Wednesday, September 14, 2011

It's a Boy




Baby Boy,
Since the moment I found out I was carrying you, I wondered day and night if you were a boy or a girl. Well today at the ultrasound you were more than happy to show us that you are all boy!!! You are so cute…you were all curled up and comfy in my belly. I hope that means you are going to be a cuddle bug. We called all your grandparents and aunts and uncles to tell them that we were having a baby boy.

Then off to the store I went. I bought blue balloons, a blue stuffed monkey, and a little brother onesie. I picked up Isabella from school and told her the news. And then when Alex got off the bus we put the onesie on the bear and the look on his face when he realized he was having a brother was priceless!! He is going to be such a good big brother to you. He has already promised to teach you math when you turn 4. And he also said that he wants to go look through all his books and give you some and he will read them to you when he learns to read. And Isabella is going to be like another little mother to you. She tells me that she will hold you and rock you.


I can’t believe we still have a little over 4 months until we meet you. But when it is cold outside it will warm in our home because baby boy you will be here – and our family will be complete.

Monday, September 12, 2011

Big Day for My Big Girl






Today Isabella started 3 Year Old preschool. When we got to school she smiled as we snapped pictures of her by the “Chestnut Grove Tree.” Then it was time to go to her classroom. She put her tiny hand in mine and looked up at me. “Momma, you are going to stay with me?” I held back the tears and told her that no I wouldn’t be staying but she is a big girl and will be fine (but would I?) She wouldn’t let go of my hand. She might as well have been squeezing my heart. I kissed her and said a quick goodbye knowing she was in good hands. I held back my tears until I got into my car. I cannot believe she is already in preschool. As I have said so many times before, the years are going by so so quickly. I want her to stay my baby girl. I kept busy this morning and looked forward to seeing my girl at 12:30. When I picked her up she was sitting in her cubby with a huge smile on her face. She had a great morning.

We went home, had a snack, changed clothes and then we were off to her first ballet class. She was too cute in her pink tights, ballet shoes and tutu. When we picked up Alex from the bus stop she showed him all her new moves!

What a day!

Thursday, September 1, 2011

Alex's First Day of School 2011


For almost six years, Alex has been mine. For all his days, I have been his caregiver, his teacher, his playmate. Yes, he went to My Gym, and to camps and to preschool. But the majority of his day was spent at home with me. Today that all changed. Today was a day that we have been talking about all summer. Today was the day that Alex got on the bus and smiled and waved as his daddy and I cried behind our sunglasses. Today was Alex’s first day of Kindergarten.

I can’t believe that he is old enough to go to school all day every day.

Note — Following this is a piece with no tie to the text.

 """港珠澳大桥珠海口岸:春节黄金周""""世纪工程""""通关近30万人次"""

I am one big conflict of emotions right now. I am so excited as he starts this new chapter in his life. He is going to learn so much at school. But I am so sad that he is no longer going to spend his afternoons with Isabella and me or be able to sleep in like a teenager. This morning she told him, “I am really going to miss you Ally.” And my heart literally broke. I still see him as my baby and I can’t believe he is no longer my baby, or a toddler, or even a preschooler. He is a school-aged kid. I want to rewind time. I want those years back when he was mine… all mine.

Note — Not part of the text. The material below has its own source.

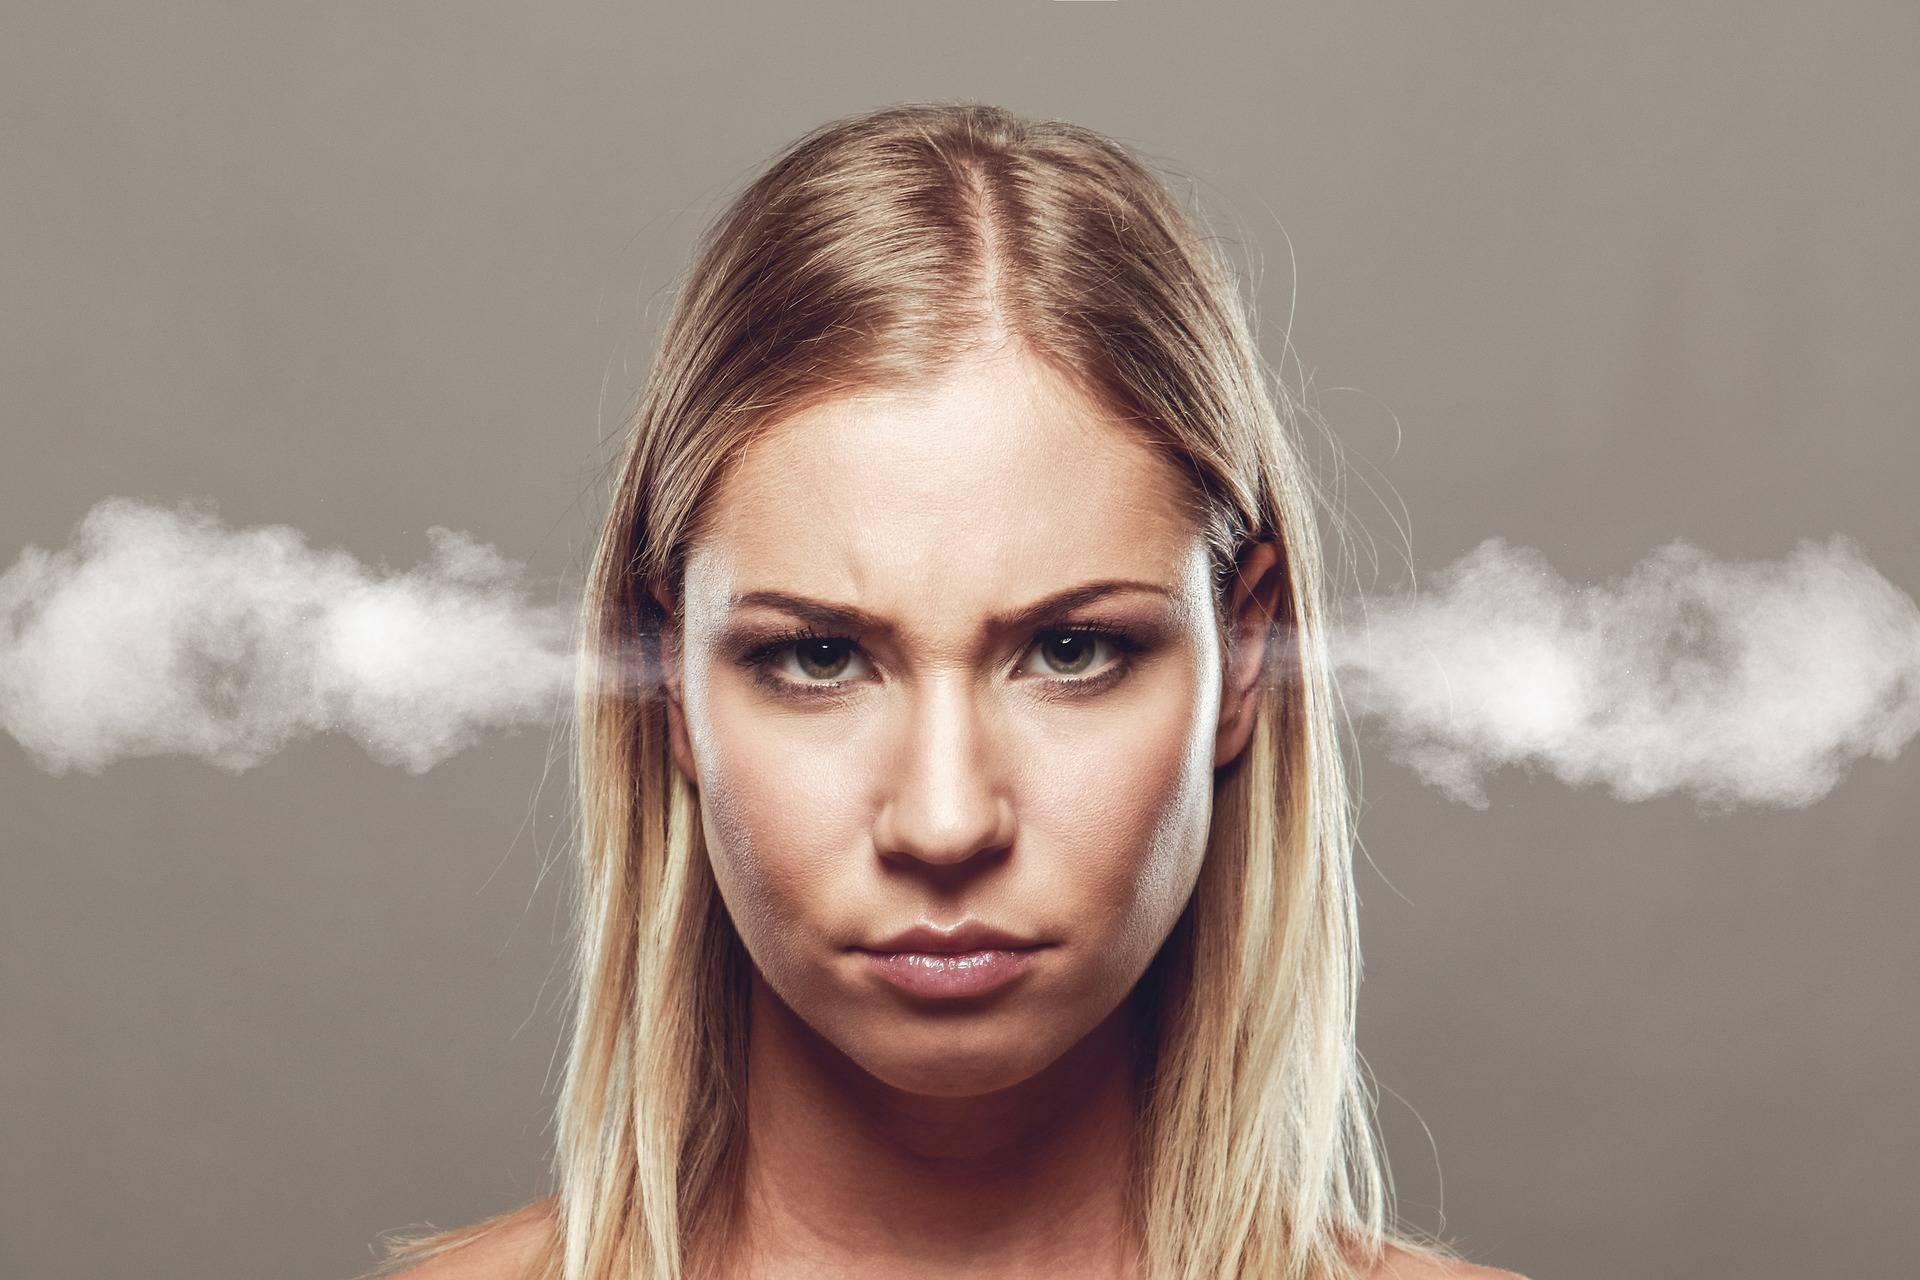 Kad riječi bole: Evo zašto se ne treba javljati bivšim ljubavima

Today when I picked him up (did I mention he was only gone half day today? I might really fall apart tomorrow when he goes all day) he was so happy. He had such a “great day” (Mrs. Bensen’s words). I asked him how the bus ride was and he said, “I started to cry, but I was able to hold my tears back. And then I realized they were just tears of joy.” Then I asked, “Did you say, ‘I miss my Momma?’” He said, “No. But I was thinking it in my head.”

Well , I spent my whole morning thinking “in my head” how much I missed you. You may be a big kid now but as far as I am concerned you will always be my smiling, silly baby boy (even if you only allow me to say it when we are by ourselves). And even though I have to share you with teachers and friends in my heart you will always be mine all mine.